A few work colleagues and I were looking through a recently replaced 'cat', we had in the workplace. For those of you which are curious, the 'cat' in this context, refers to a specific type of pump known as a cat pump. It's affectionally called the 'kitty' as we only have one of these pumps.
After one routine inspection, I noticed a number of periods where kitty wasn't performing well. This is labelled in the dataset as Cat Anomaly.
(Accessible from here if anyone wishes to analyse further:
https://drive.google.com/open?id=1e0OhzhaSZP9_A3QdaK9-BvWXbRPZacED)
This is what it looks like when it is abnormal:
Essentially, it looks similar to a sinusoidal pattern and is slightly curved. I also noted that the cluster of points seem to be quite tight when it is an abnormal state.
Using Python's Sklearn Libraries and some good ol fashioned signal processing, I decided to remove some of the noisy clusters so I can see what the signal looks like 'without' the noise. To do this, I have performed a Savitzy-Golay Filter on the data, which has smoothed this out as per below.

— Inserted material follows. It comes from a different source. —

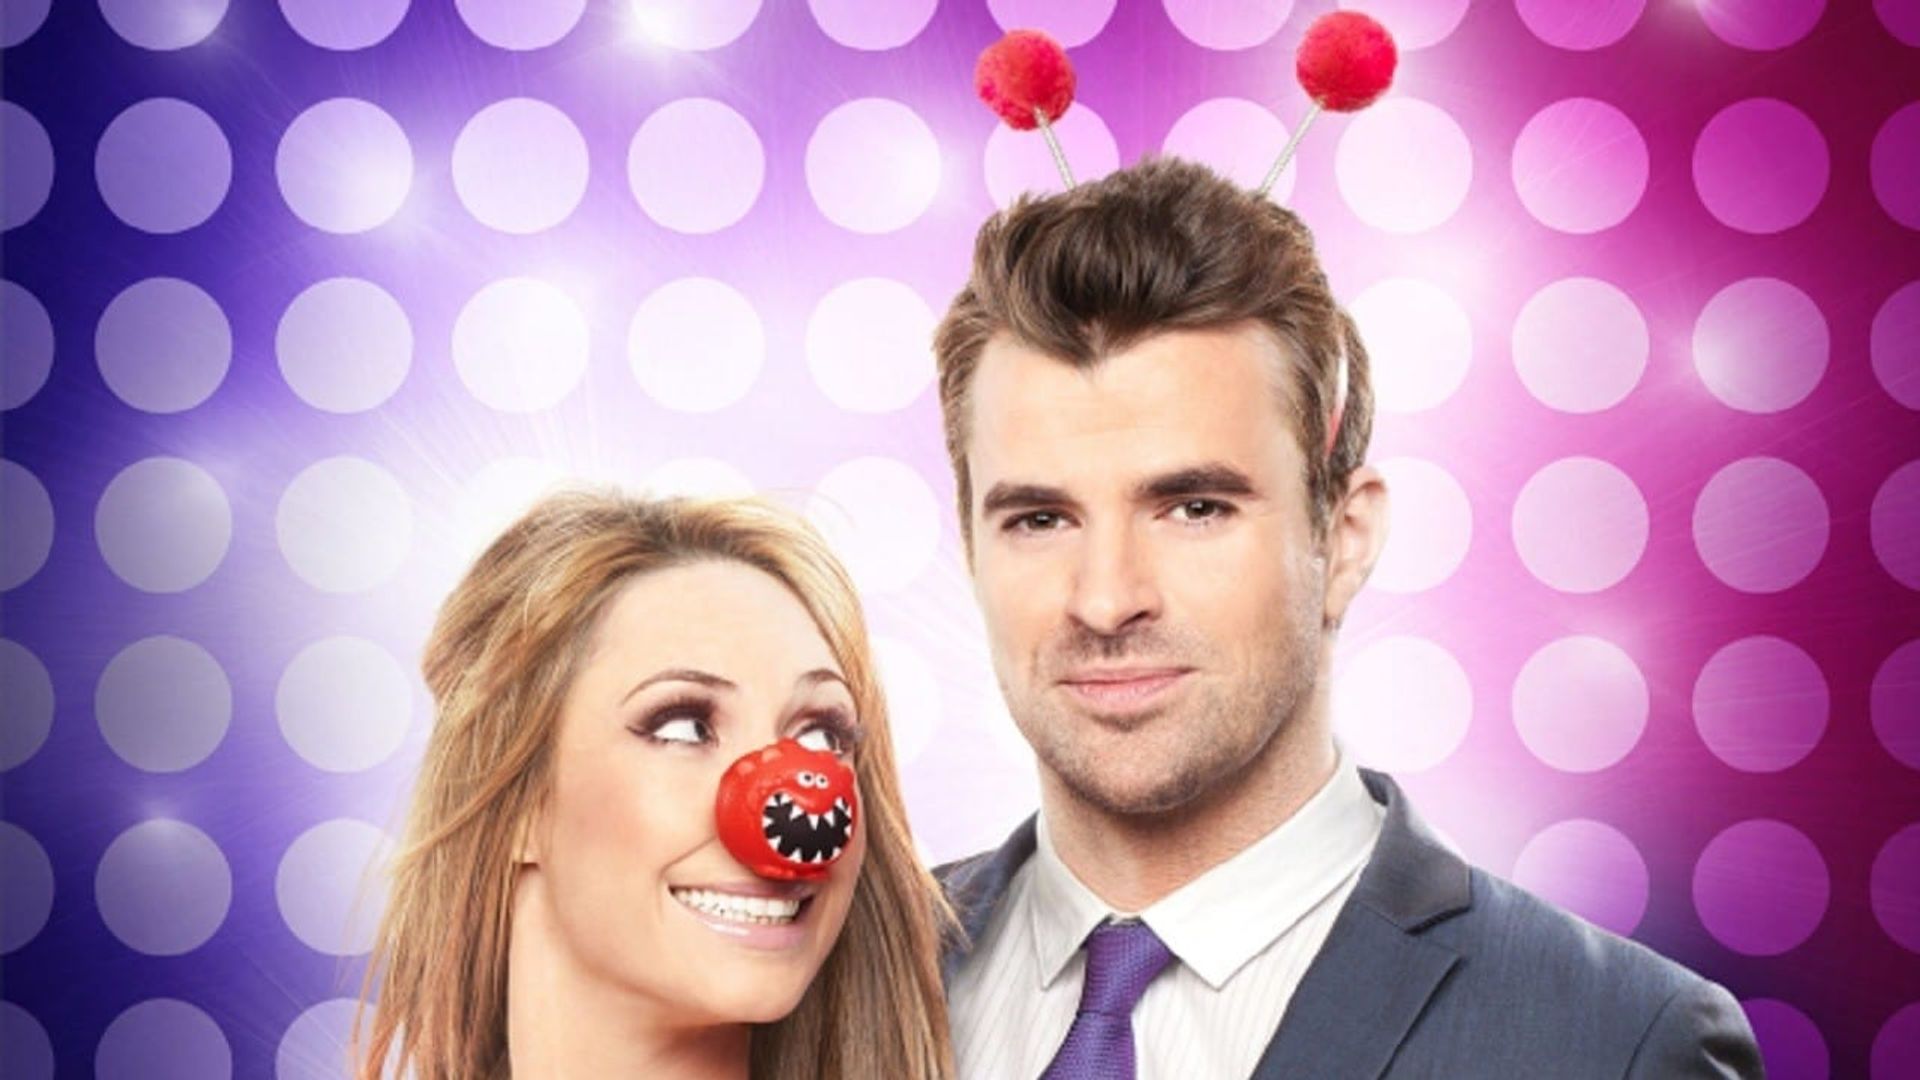 Let's Dance for Comic Relief background

I have then used a feature to subtract the values from the 'normal' cat values - 'smoothed' cat values which gives me a rough indication of when the 'clusters' appear.
This has worked acceptably (~90% accuracy) and I can pick up abnormalities to an extent when I feed this feature into my random forest model, but I feel the 'cluster' approach I have used is very clunky and there are much better ways to capture the 'noisiness' of the cat signal as a variable.
So now I'm looking for a better way of recognizing and separating 'abnormal' cat behaviour.
So, as a better feature or variable to capture 'noisy' clusters, does anyone else have any ideas on improvements on how to capture this?